Okay! Alrighty then! Well, as one might imagine, by that point in the book, I was pretty darn sure where all THAT kind of commentary was headed. And then I got to the part that read, "You see, the Djanai are extremely religious—which makes them very difficult to deal with..." and even, "Their religion scorns technology; like our Amish, they believe their god wants them to keep it simple."
Ooo-kay. Well, I'm sure the author honestly thought she was being the perfect little social justice warrior when she wrote all that, but times really do change, you know! And doggone it, despite the fervent hopes of many so-called "progressives," now in the once thought to be far flung future-scape of the early 21st century, the USA STILL has yet to be taken over by jack-booted "Nazis" who gleefully send minorities off to be gassed and shot into unmarked mass graves, only to return home at the end of a long, hard day of killin' to force their barefoot and ever-pregnant womenfolk to "git back in that thar kitchen and make me a sammich, bee-itch!"
Go figure. But I guess that kind of perhaps wishful thinking, that sort of an apocalyptic, doom-soaked, dystopian hell of an America gone irreversibly just plain BAD, could yet still be on the horizon! Maybe so. But probably... NOT. Although, a whole lot of folks who fancy themselves fancy "liberal" sure do seem to always be decrying the impending coming of such a dastardly and dire scenario anyway. So... tell me again, who is it that sees "Nazis" and "racists" "hiding behind every bush and tree?"
Ahem.
Yet still, taking the book as a whole, and conveniently overlooking completely unnecessary trash talk like the actual, honest to goodness quotes provided above, J.M. Dillard's writing style itself runs the gamut from perfectly adequate to at times really quite good, to downright brilliant. Which, I'm guessing is why most reviewers even bother to rate the book as highly as they do. Hey, it worked for me. Well... mostly anyway.

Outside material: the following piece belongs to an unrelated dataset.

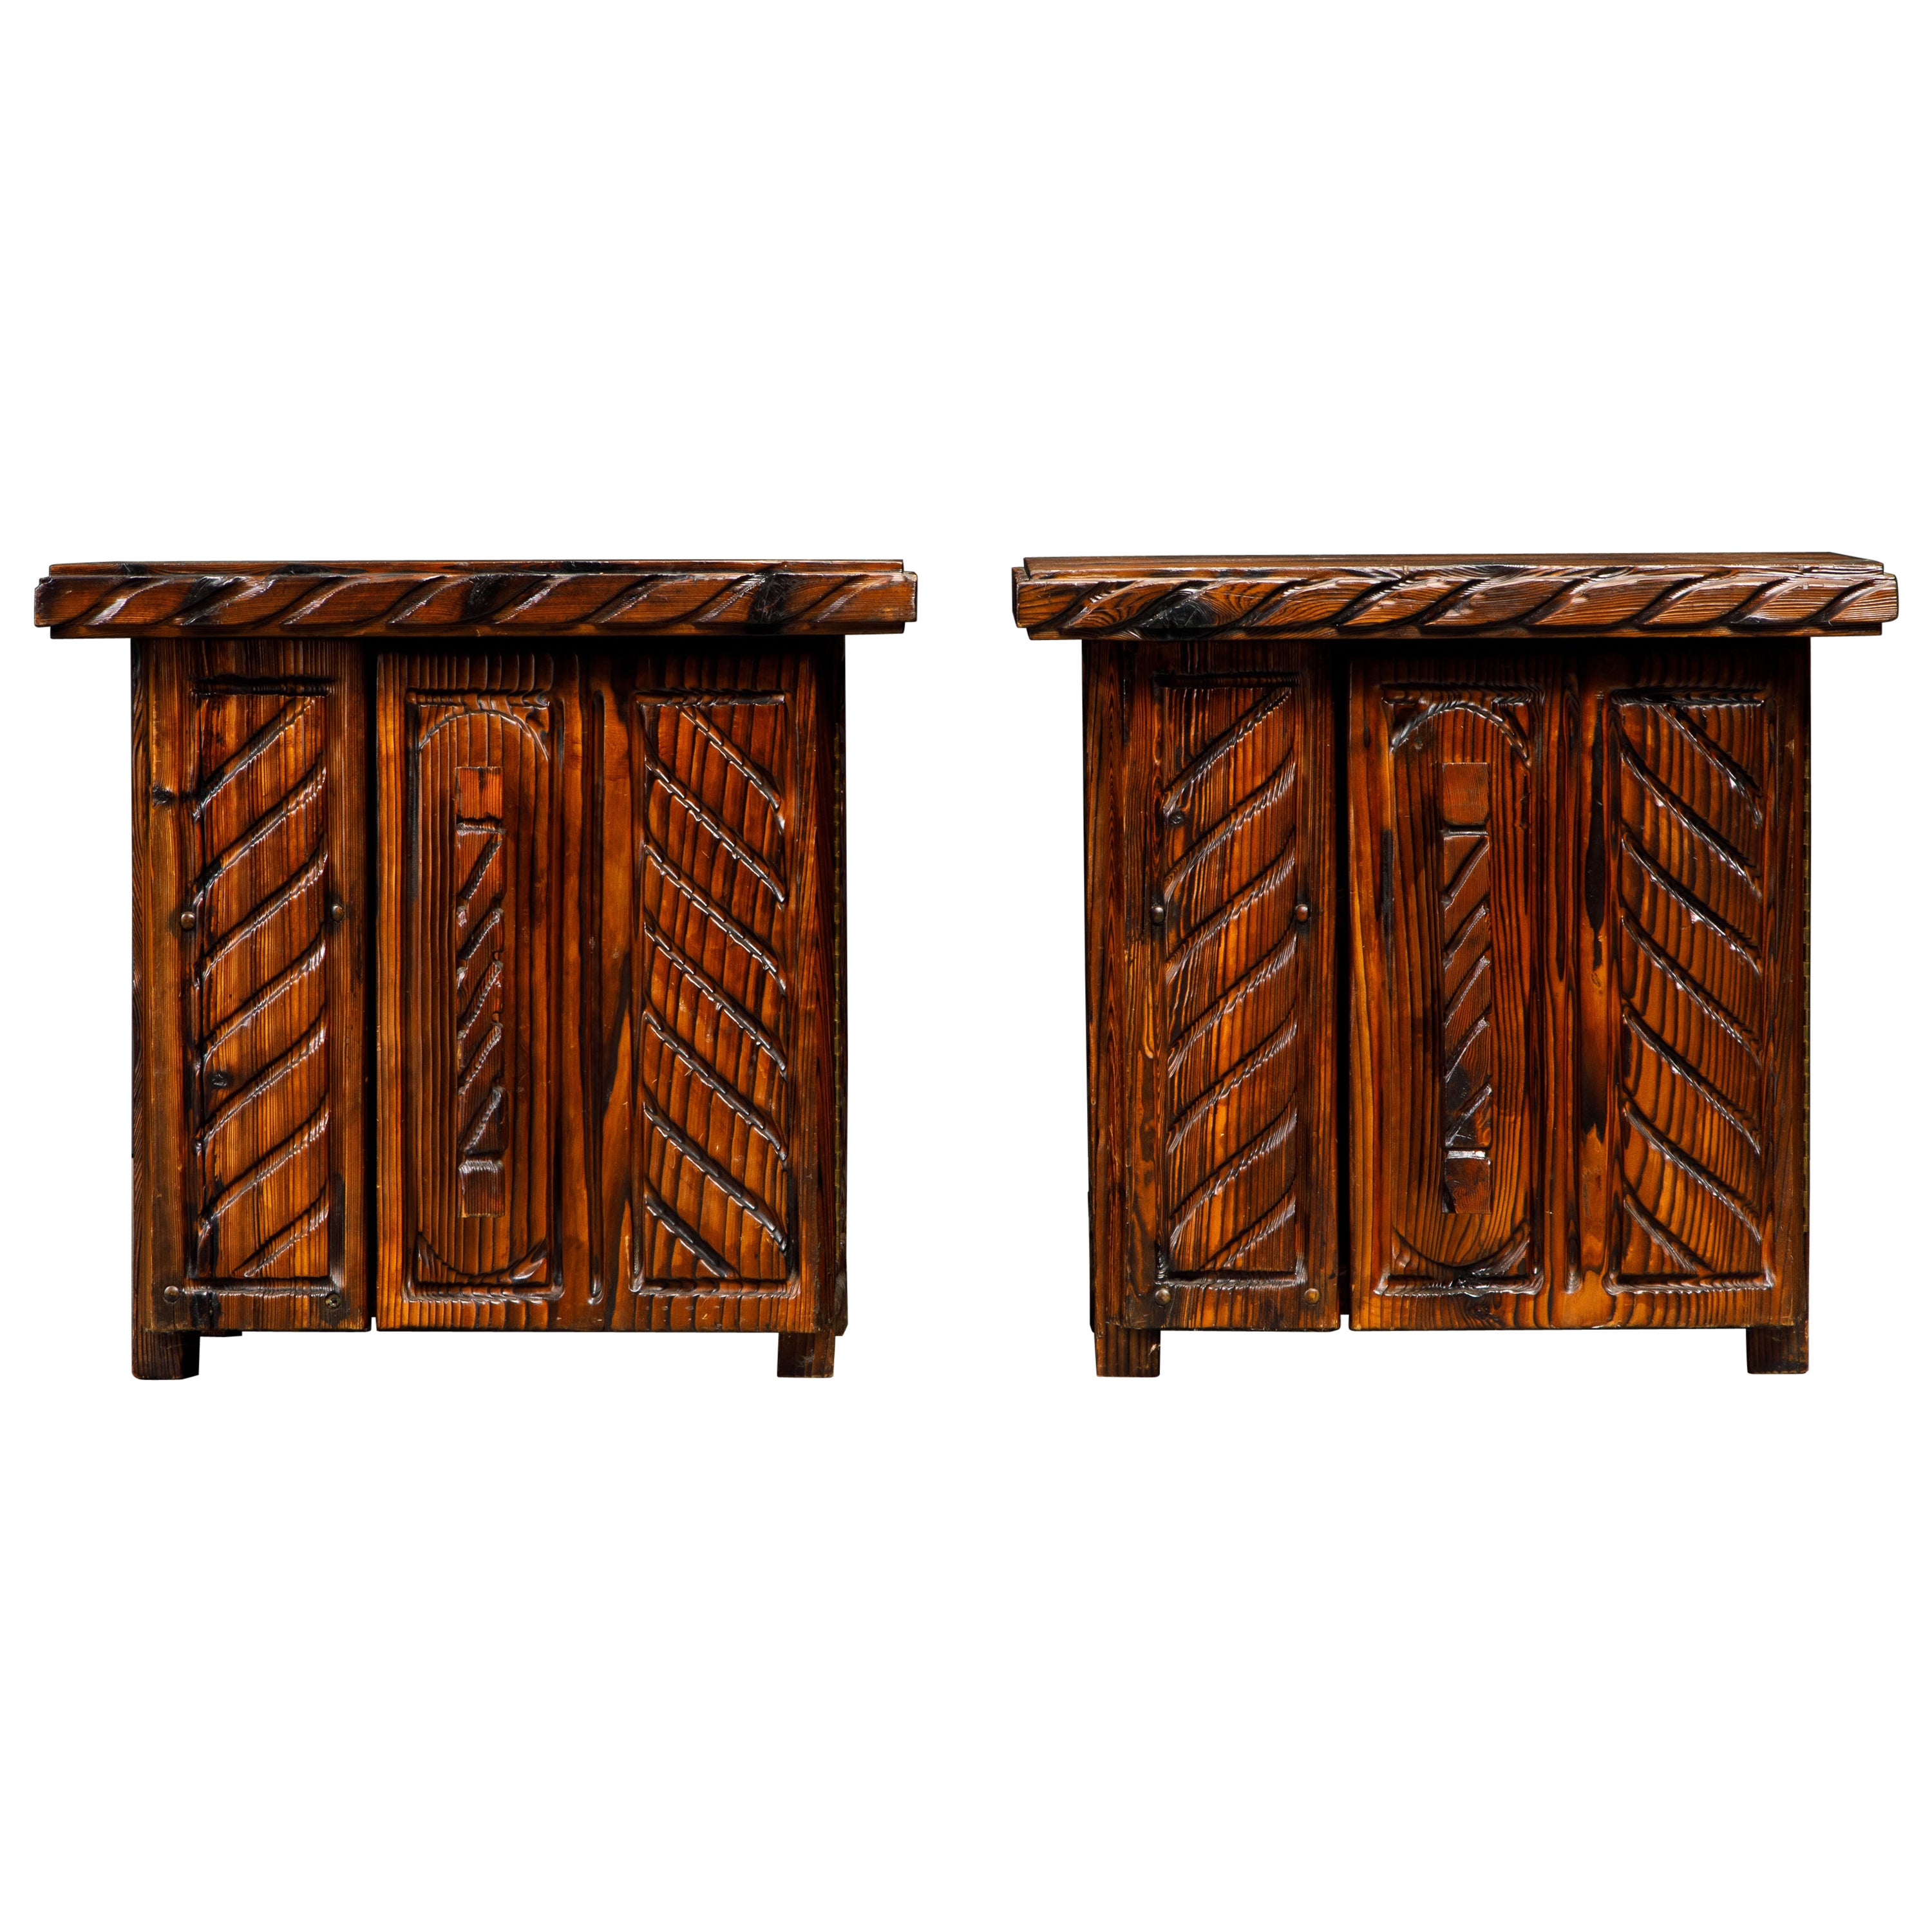 Pair of Exotic Carved End Tables by William Westenhaver for Witco, c 1950

But again, at least the first half to a third of Dillard's Lost Years really should have been reworked; if for no other reason than to foreshorten the less relevant parts of the narrative, and/or to completely excise some of the extraneous detail, non-essential character development and pathetically biased and horrifically blatant social commentary altogether.
My guess is that the author was in some way pressed (by either the publisher or perhaps even herself) to make the book long enough to be considered a full-fledged novel, and not just follow the standard one hour TV drama teleplay format - that in most cases, only results in a volume that is, interestingly enough, roughly about half the length of this particular title.
The author may also have even written a great deal more to begin with, and only the last half ended up being properly edited/rewritten to make it suitably exciting and thought-provoking - or at least on par with the overall quality of the vast majority of Star Trek material that actually made it to screen during the show's original run - but alas, I'm afraid most readers will never quite know for sure.